Here are a few benefits of landing an internship between opening that acceptance letter and packing up for move-in day.
High schools often give credit for internships.
Oftentimes, high schools will allow upperclassmen to replace an academic course with a part-time internship. This gives students the opportunity to benefit from an internship without worrying about fitting it into their academic and extracurricular schedules. High school schedules are packed tight. Receiving credit for an internship can ensure that students maintain a healthy balance between education and work experience. Every school’s policy is different, but it’s worth a conversation with your academic counselor to learn more.
Experience in a work environment will build important skills needed for college courses.
College courses are different from high school courses in that good grades aren’t the only measure of success. Soft skills are required in the classroom and are often a portion of the professor’s grading system. Communicating with professors and other students, working collaboratively, resolving conflicts, taking leadership roles, and thinking creatively and adaptively are just some of the important skills that college students need to succeed. Internships are a great place to build soft skills and minimize the intimidation of new classroom experiences.
It will prepare you for future jobs and internships.
Think of an internship as an advanced round of practice for future work experiences. Not only does an internship prepare students for their future positions in the workforce, it acts as practice for the application and interview process. Soft skills, writing skills, organization skills, and appropriate communication skills are all needed when writing an appealing resume, applying for jobs, and succeeding in an interview.

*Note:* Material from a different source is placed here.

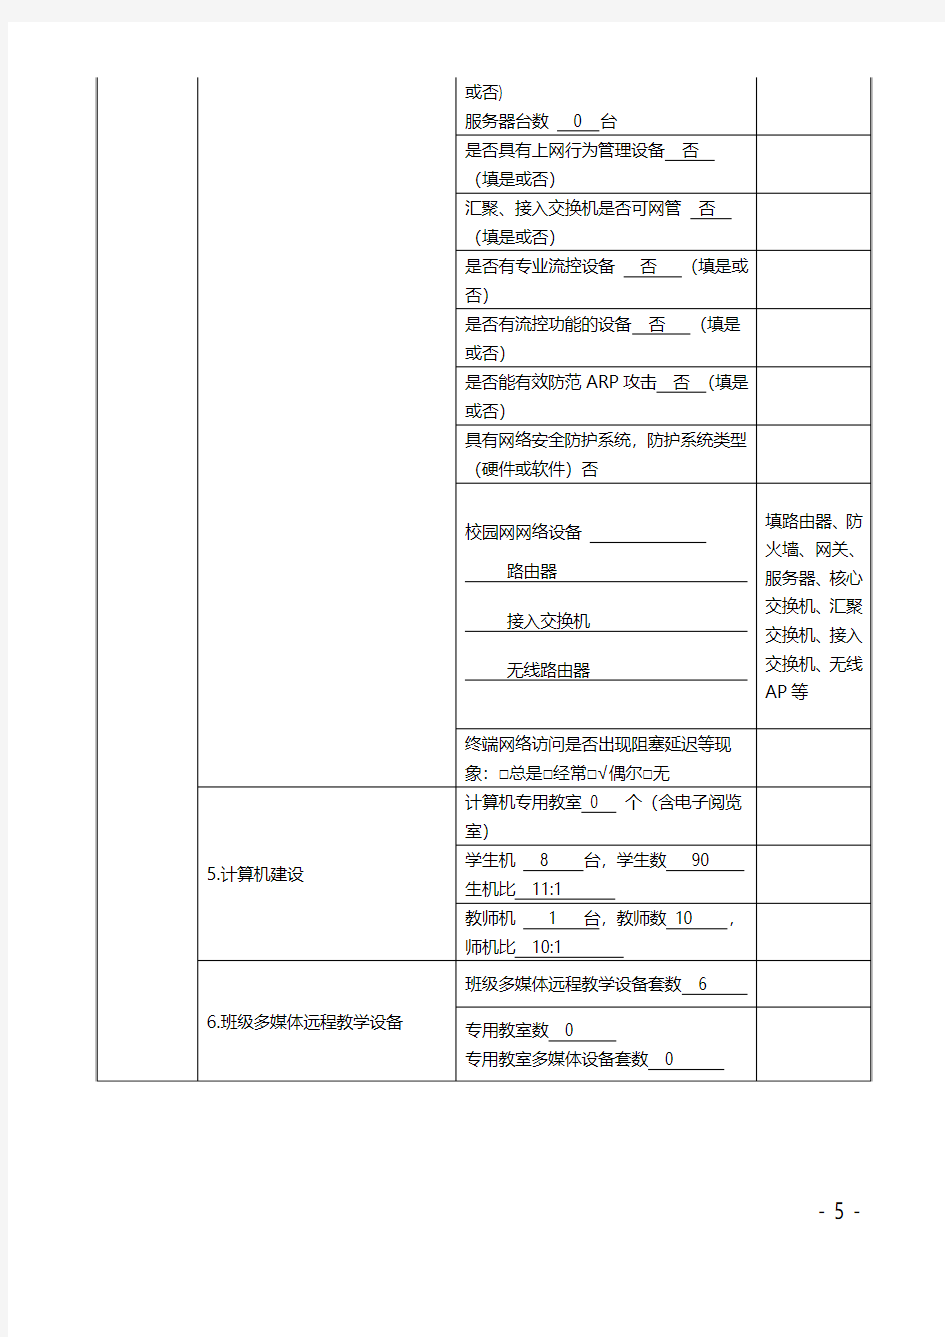 安徽省农村中小学校园网建设、班级多媒体远程教学设备管理使用情况调研表(已填)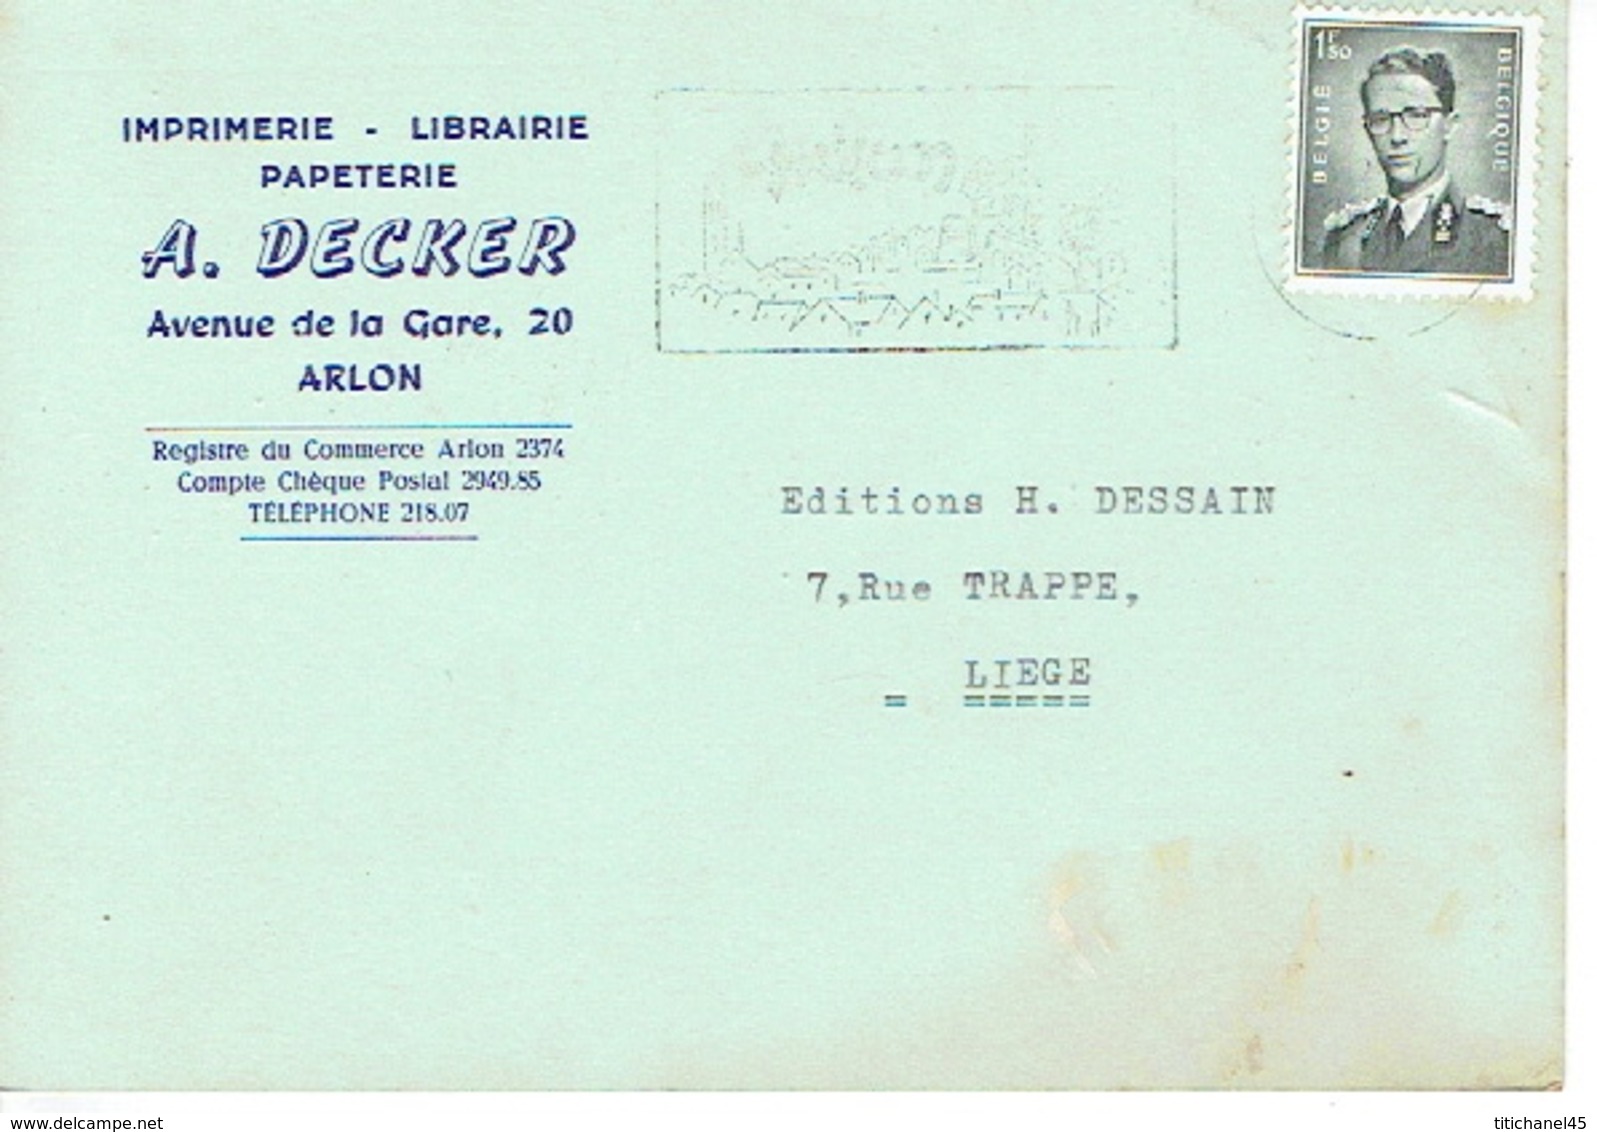 CP Publicitaire ARLON 1959 - A. DECKER - Imprimerie - Librairie - Papeterie - Arlon

Students with experience make a lasting impression and gain job security
Early internships pave the way for future internships that lead to a first job. When seeking full-time employment, college graduates with internship experience stand out, and getting experience early in the game not only builds a resume but is impressive to employers. Employers want to hire candidates who show determination, have proven they can take initiative, and have built the skills necessary to succeed in a chosen career field. Graduates who have interned with an organization are often the first considered for full-time employment. According to the National Association of Colleges and Employers’ 2021 report, between 70-80% of interns are offered a full-time position at their employer, and the five-year retention rate for those interns is about 44%.
So while you may be tempted to take time off before college starts, consider dedicating a few months of your time to learn skills that will make college a little easier and give you a jump start on valuable career-readiness skills.